For awhile, Hunico was actually doing well under the mask, actually, but then Rival happened and he was so sloppy that he transmitted some of it to both his partner and his opponents. The mask isn't cursed so that every time its put on it does something bad, but it tends to strike at the most inopportune times. Maybe WWE just needs to retire the character and the name and find something else for Hunico, who's actually not bad, to do on the roster, other than sit around and collect dust like 1/3 of the main roster that sits by and watches the same fucking matches unfold on RAW each week.

The most WWE thing in the world would be Sting jobbing his first match in the company to Triple fuckin' H, as one last fuck you to the legacy of WCW. That being said, Trips has done the right thing with respects to Daniel Bryan and The Shield in the last year. I doubt he'd be the one to fuck up Sting's debut. Trips will get a win down the line, for sure, but at WrestleMania? Sting's winning all the way.
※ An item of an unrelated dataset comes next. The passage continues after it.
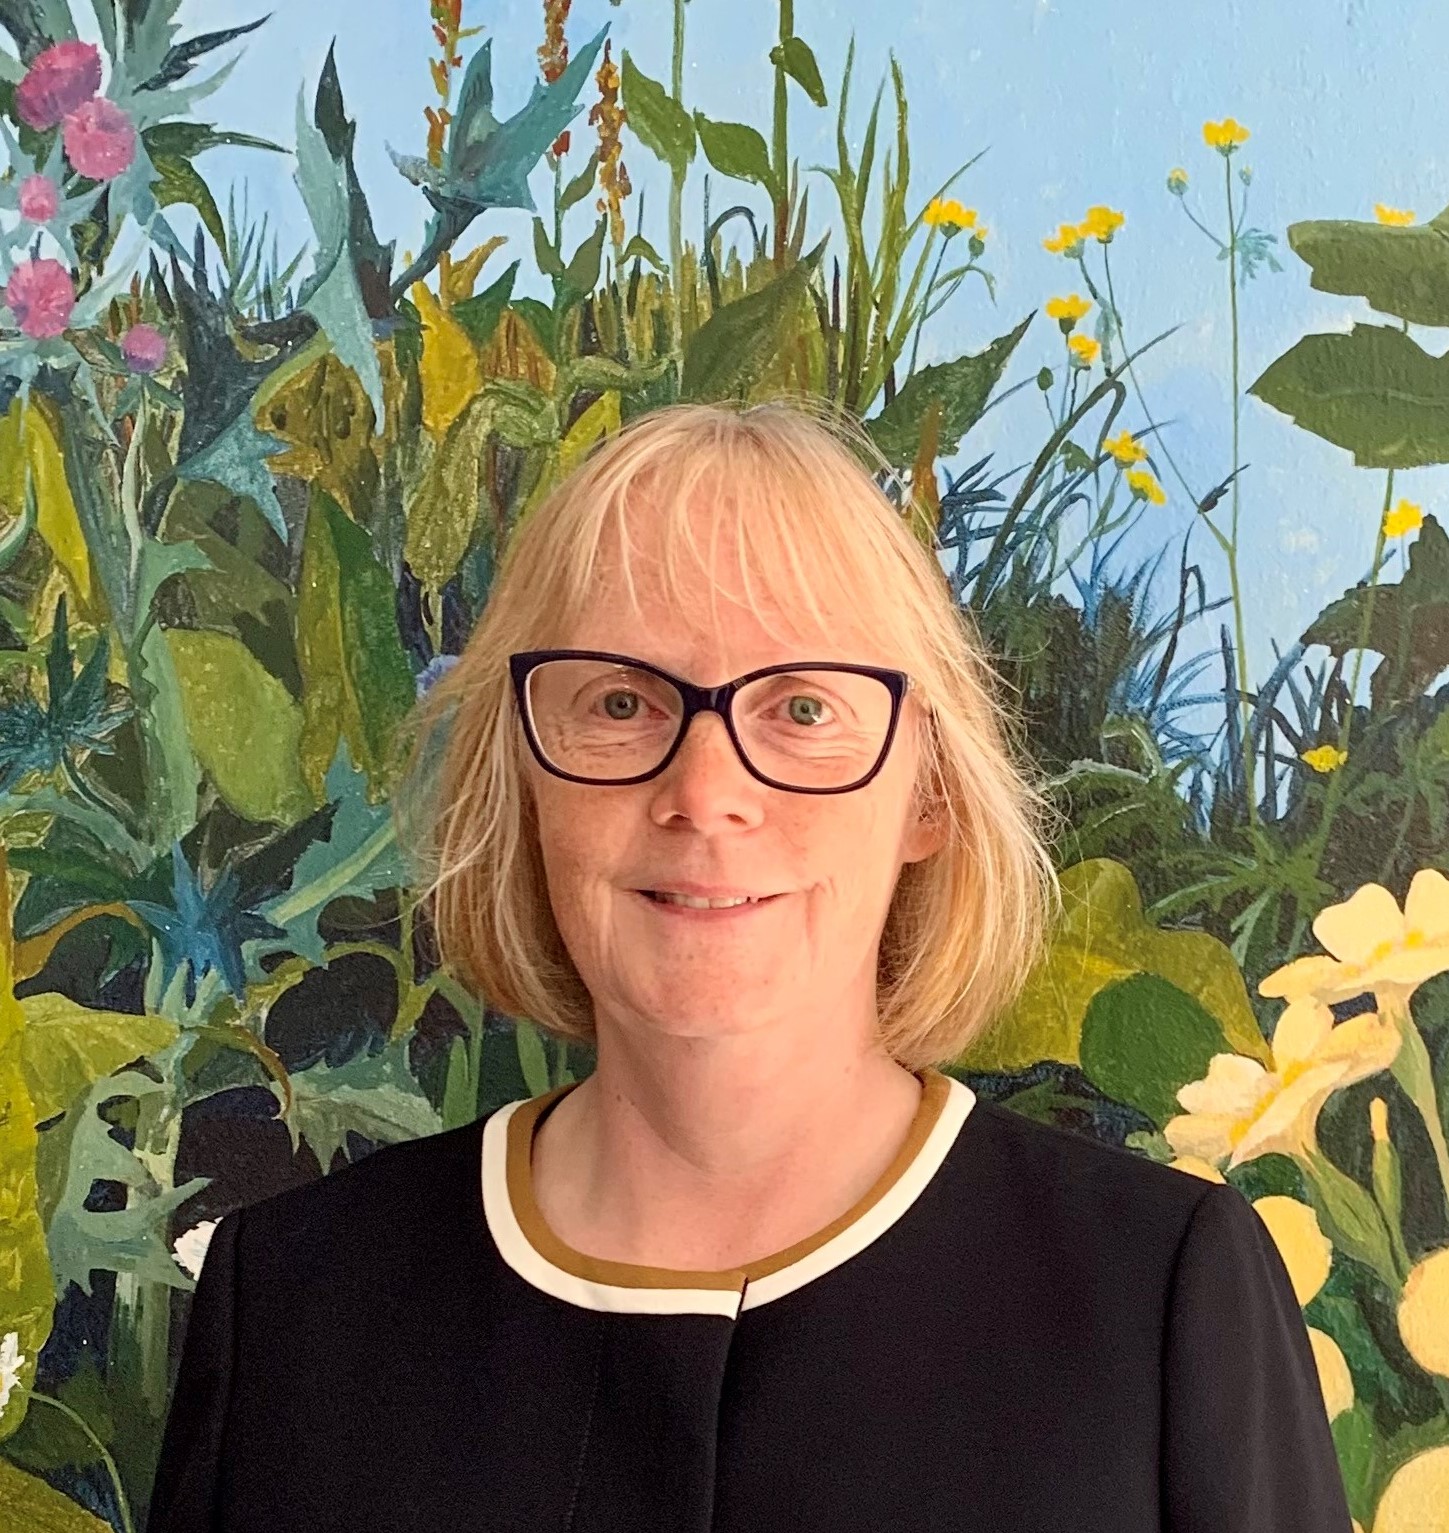 Helen Budge standing against a floral background. She is wearing dark rimmed glasses and smiling at the camera

WWE - Fire JBL into the Sun, give Jerry Lawler a nice retirement package. Take Vince McMahon out of the commentators' ears and put whoever is doing the thing in NXT there. Michael Cole and Renee Young call RAW. Tom Phillips, Booker T, and someone new call Smackdown.

NXT - If money's no object, then I'm putting the Performance Center on a helicarrier and allowing NXT to take its entire operation on the road.

NJPW - How the fuck can the #2 promotion in the world have ZERO women performers, especially when the joshi have done more to inform modern puro than anything else out there? Get some women on the fucking roster, whether in their own division, or integrated into the main narrative. Kana vs. Kazuchika Okada needs to happen.

Lucha Underground - Again, if money's no object, I am taking the cash gun and firing it at every major cable provider until all of them carry El Rey, and then as a rider, LU can not, I repeat, NEVER hire Vince Russo as long as it wants to remain on said network.

Chikara - HD cameras. A whole legion of them, and dedicated, professional camera operators to work them. I'm not hearing good things about the company's new filming set up, and if any pro wrestling company needs to be seen with the best possible footage, it's Chikara.

Honestly, I don't know if many of them will get the call. Adrian Neville and Charlotte seem to be locks to head to the main roster. The Zayn/Owens feud might keep them in NXT until December (which would be fine by me). Bálor seems to be on the fast track given how quickly it's taken him to acclimate to WWE, and Kalisto might end up being shunted to the main roster to get him far, far away from Sin Cara as possible, especially after last night. So conservatively, I'd say four wrestlers (Neville, Charlotte, Kalisto, Bálor), and liberally, I'd go with those guys plus Enzo Amore and Big Cass, possibly Zayn, possibly Hideo Itami, and perhaps Sasha Banks and/or Bayley.